Task brief
Copy out every line from the records that includes "Photo".

Supplied records
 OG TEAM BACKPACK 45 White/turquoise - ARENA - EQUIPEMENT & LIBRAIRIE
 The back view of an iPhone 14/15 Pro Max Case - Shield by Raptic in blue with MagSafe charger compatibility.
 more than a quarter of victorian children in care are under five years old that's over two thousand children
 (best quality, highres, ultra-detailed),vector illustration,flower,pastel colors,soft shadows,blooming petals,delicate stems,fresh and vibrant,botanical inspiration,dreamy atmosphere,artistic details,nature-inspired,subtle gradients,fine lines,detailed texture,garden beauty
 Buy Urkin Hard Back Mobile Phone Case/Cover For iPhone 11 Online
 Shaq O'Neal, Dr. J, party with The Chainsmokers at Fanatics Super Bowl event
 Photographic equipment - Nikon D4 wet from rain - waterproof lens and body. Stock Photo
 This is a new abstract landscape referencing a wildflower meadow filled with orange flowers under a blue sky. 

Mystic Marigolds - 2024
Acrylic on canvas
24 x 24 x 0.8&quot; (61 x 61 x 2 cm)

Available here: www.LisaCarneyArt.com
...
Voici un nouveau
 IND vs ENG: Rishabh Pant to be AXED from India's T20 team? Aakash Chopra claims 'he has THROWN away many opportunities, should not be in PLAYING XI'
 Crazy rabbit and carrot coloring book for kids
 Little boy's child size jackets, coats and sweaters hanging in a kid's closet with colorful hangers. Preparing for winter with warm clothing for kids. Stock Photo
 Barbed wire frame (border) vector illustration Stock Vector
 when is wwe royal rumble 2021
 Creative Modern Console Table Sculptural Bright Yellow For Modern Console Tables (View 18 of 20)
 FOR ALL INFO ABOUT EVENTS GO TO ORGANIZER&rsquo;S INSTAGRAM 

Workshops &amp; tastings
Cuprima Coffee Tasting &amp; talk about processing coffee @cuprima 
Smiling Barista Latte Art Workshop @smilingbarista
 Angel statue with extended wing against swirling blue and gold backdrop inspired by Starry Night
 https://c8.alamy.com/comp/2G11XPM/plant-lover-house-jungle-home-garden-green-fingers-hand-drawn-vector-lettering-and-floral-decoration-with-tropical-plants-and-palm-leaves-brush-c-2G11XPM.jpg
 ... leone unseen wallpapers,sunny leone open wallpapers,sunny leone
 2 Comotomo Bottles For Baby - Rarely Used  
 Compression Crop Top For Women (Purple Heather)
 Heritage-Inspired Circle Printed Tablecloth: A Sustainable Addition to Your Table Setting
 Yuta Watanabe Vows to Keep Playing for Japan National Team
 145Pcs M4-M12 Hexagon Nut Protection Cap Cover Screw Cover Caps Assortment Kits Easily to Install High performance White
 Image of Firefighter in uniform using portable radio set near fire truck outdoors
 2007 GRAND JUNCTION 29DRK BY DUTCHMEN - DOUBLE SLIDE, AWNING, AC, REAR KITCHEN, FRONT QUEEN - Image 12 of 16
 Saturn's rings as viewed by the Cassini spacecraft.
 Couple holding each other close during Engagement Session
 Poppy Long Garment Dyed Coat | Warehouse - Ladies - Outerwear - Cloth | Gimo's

Solution for this exercise
 Photographic equipment - Nikon D4 wet from rain - waterproof lens and body. Stock Photo
 Little boy's child size jackets, coats and sweaters hanging in a kid's closet with colorful hangers. Preparing for winter with warm clothing for kids. Stock Photo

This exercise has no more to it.